Volume 5, #8 December 20, 2000 POLITICS WITH BITE! CONTACT HELP previous BACK ISSUES next
A FORUM FOR ANTI-AUTHORITARIAN POLITICAL OPINION, RESEARCH AND HUMOR

King County's Innovative Zoning Techniques

by Troy Skeels

The Washington State Supreme Court, on December 14, ruled that King County can not use "innovative zoning techniques" to convert agricultural resource lands to recreational uses. That is to say, the Court held that Counties cannot gut the Growth Management Act (GMA) for political expediency.

At the heart of the suit was an 18 acre parcel of fallow farmland near Woodinville, the Kaplan property. This parcel is designated as part of the protected Sammamish Valley Agricultural Production District. Last year, the County voted to undesignate it, in favor of constructing three soccer fields.

Before voting to change the property's zoning designation, the County, together with some youth soccer associations, first bought the Kaplan parcel. Then it made its intentions public.

Preservation minded groups, the Puget Sound Farm Trust, Preserve Land for Agriculture Now, and Hollywood Hill Association challenged the plan before the State Growth Management Board (GMB) calling it a "sham," in their filing papers.

The County argued that the GMA allowed it to preserve farmland in "creative and innovative," ways. The County said that it was really swapping the Kaplan parcel for the decades old "Hmong Farm," which had been purchased with money earmarked for "recreational purposes," years ago. The County's logic offered to legitimize the productive Hmong Farm, shamelessly squatting on land that should properly be a soccer field.

The Board agreed with the farmland preservationists. Their decision said that the legislature meant the "creative and innovative ways" were meant to "enhance" the GMA and the preservation of farmland, not dance around it. It said that the County's machinations, by effectively decreasing the viability of farming in the Sammamish valley were "contrary" to the spirit of the GMA in general.

The County appealed to King County Superior Court and got the GMB's ruling overturned.

Which brought the matter to the Supreme Court, whose 8-1 decision, cutting across ideological lines (Richard Saunders, the Wise Use Justice, voted with the majority), upheld the GMB's initial decision against the County. "The [Growth Management Act] mandates conservation of....limited, irreplaceable agricultural resource lands."

Peter Eglick, attorney for the associations that filed the initial suit, commented that the Court "resoundingly reaffirmed the paramount importance of the preservation of both agricultural land and the agricultural industry under Washington's Growth Management Act. The decision sends a clear message to local governments that they cannot manipulate their plans under the act to divert prime agricultural lands to other uses."

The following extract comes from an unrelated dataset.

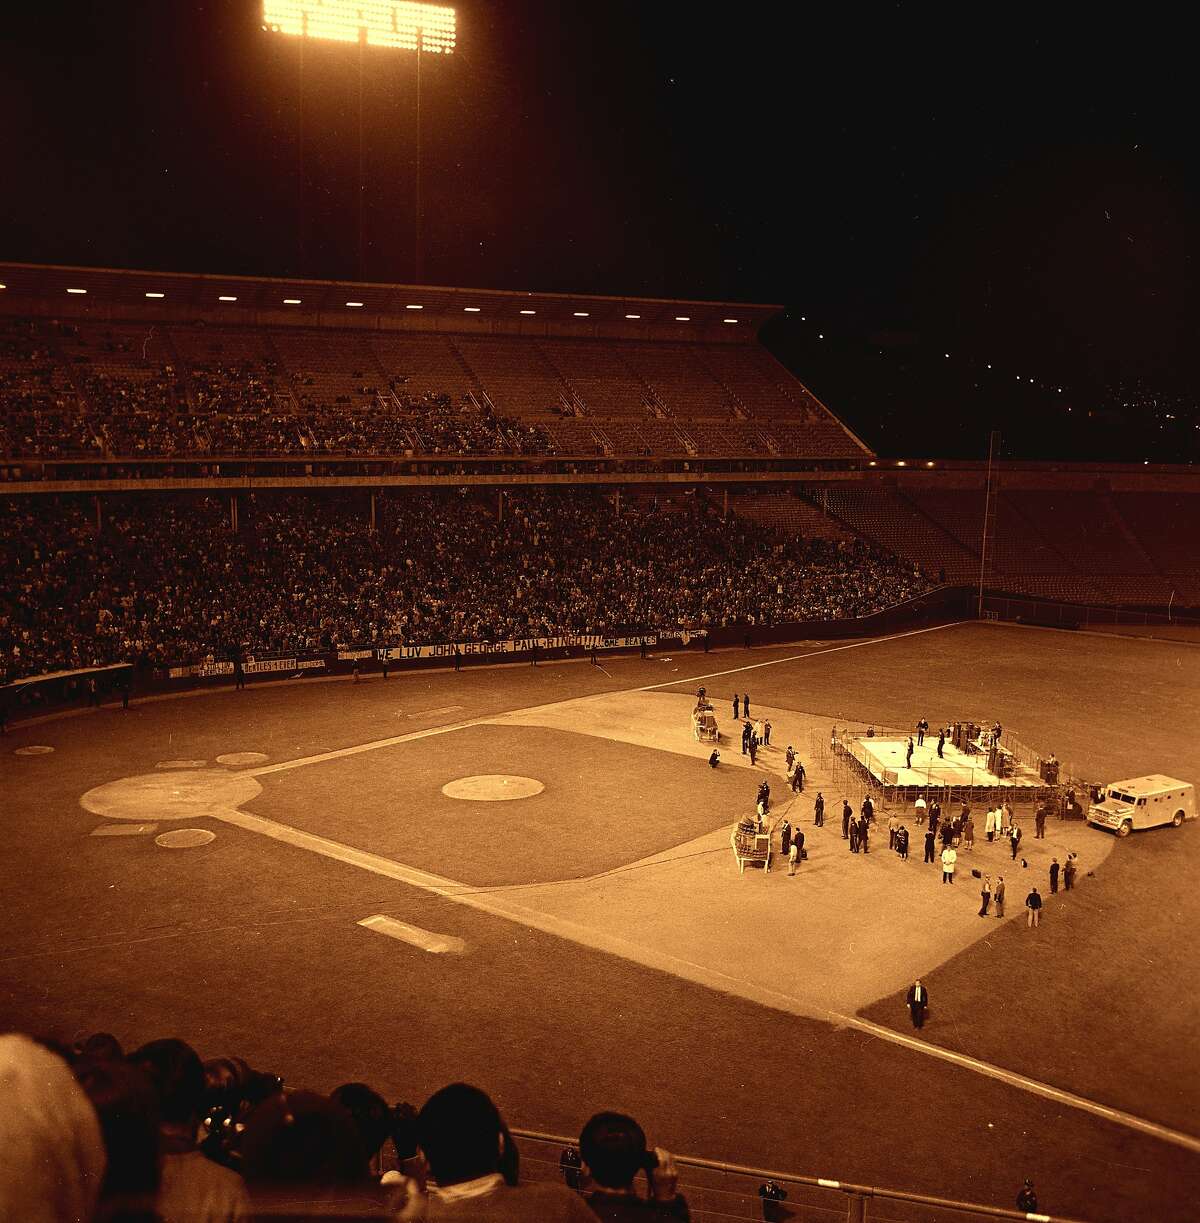 The Beatles perform at Candlestick Park for the last time on Aug. 29, 1966.

Western Washington lost nearly 9,000 acres of farmland per year between 1987 and 1997. As the court pointed out, agricultural land occupies only three percent of the county, while thousands of acres of non-resource land are available for sports fields.

As Richard Grubb, a former Redmond City Council member said, "The symbolism is clear: in a world where 18 to 20 million people die of starvation each year, only a society enamored of its own folly would even think about converting its precious agricultural land to other uses."